Sustainability In Business: what happens after COVID-19?
Sustainability in business is emerging as a key tool with which to recharge and rebuild myriad industries. COVID-19 has affected business at every level across the globe, drawing the pitfalls and inconsistencies of supply chains and exploitative practices into the open. The Coronavirus pandemic has wounded humanity but it’s also exposed pre-existing wounds.
The fashion industry is responsible for exploitative working conditions, modern slavery, micro plastics, pollution, overflowing landfill sites and rapid resource consumption. These issues predate Coronavirus.
Of course, many brands have been shifting toward circular practices for the long term benefits for many years. Companies with a strong focus on innovation and sustainability and circular practices have shown resilience in the face of a global pandemic, with many others pivoting their models to replicate this success.
It’s now clearer than ever that system change is needed and brands, investors and consumers are waking up to the facts.
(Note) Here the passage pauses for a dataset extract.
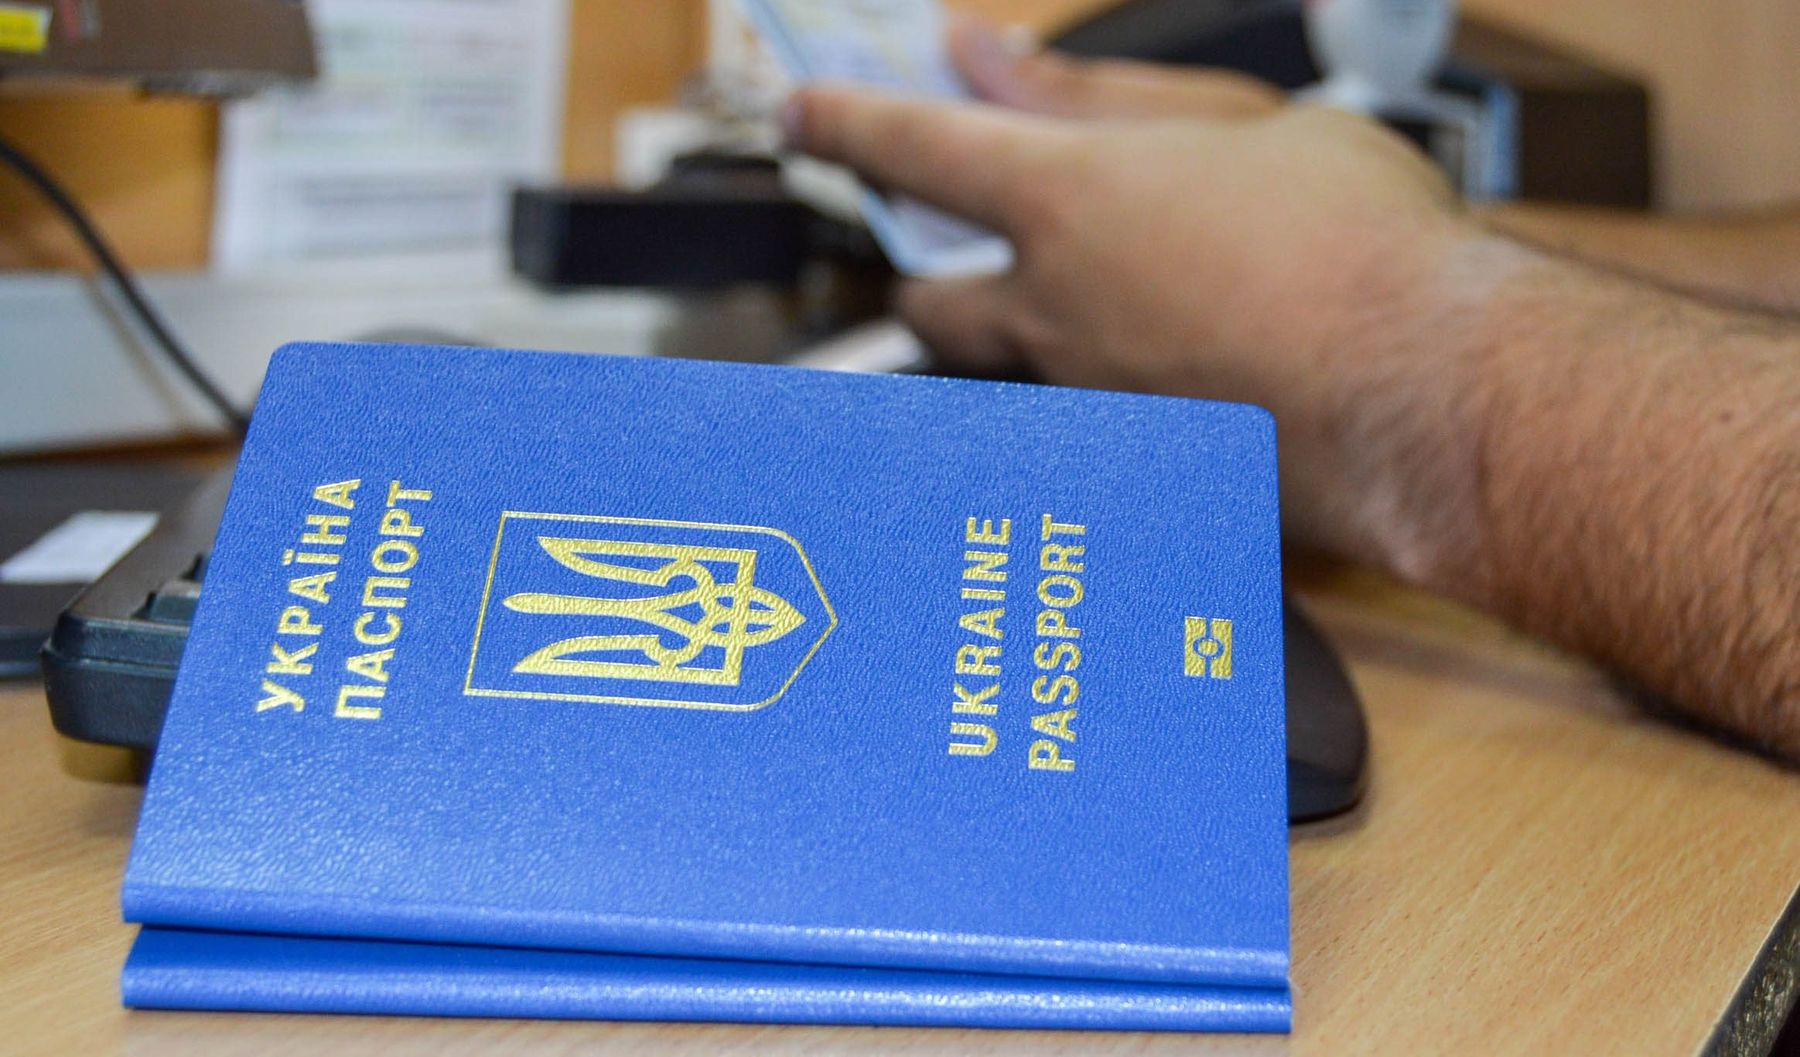 Украина опустилась в рейтинге паспортов

So what happens next?
Consumers want sustainability in business
Consumers were calling for more transparency from brands, allowing them to make informed, autonomous decisions, before the COVID crisis. That sentiment now remains the same. Recent polling by IPSOS conducted across 14 countries shows that 65% agree climate change should be prioritised during the coming period of economic recovery.
Industry data tells us that many consumers find it difficult to understand a brand’s sustainability claims. A study by GlobalData Retail recently found that 78.4% of UK shoppers struggle to understand which retailers are truly sustainable. Greenwash and false marketing have driven a wedge between brands and consumers.
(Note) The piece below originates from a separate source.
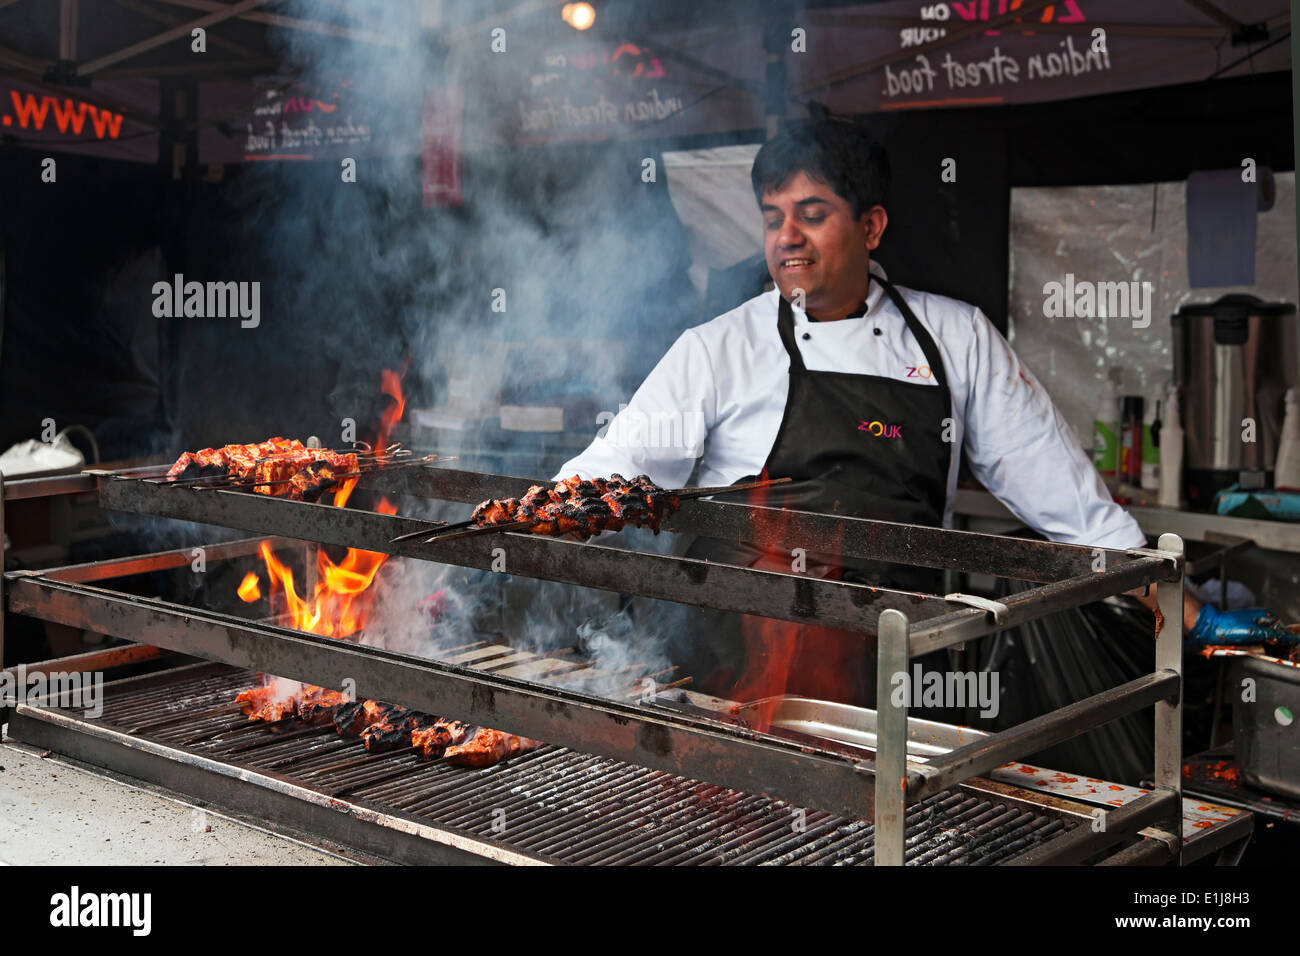 Mann Koch Kochen Fleisch auf einem Grill Flammen Indian Street Food Stand York North Yorkshire England UK Vereinigtes Königreich GB Großbritannien Stockfoto

At the same time, brands who are authentic, who are getting the conversation right are winners in today’s and tomorrow’s market. We’ve seen time and time again that authenticity and honesty result in consumer trust, loyalty and positive brand sentiment.
What does the future look like for sustainability?
“It’s unlikely that consumers will slip back into old ways entirely after COVID” says James Omisakin, Co-Founder and Cheif Product Officer of Compare Ethics. “We observed an increase in preference for sustainable products before this period, and Compare Ethics expects that to accelerate again.”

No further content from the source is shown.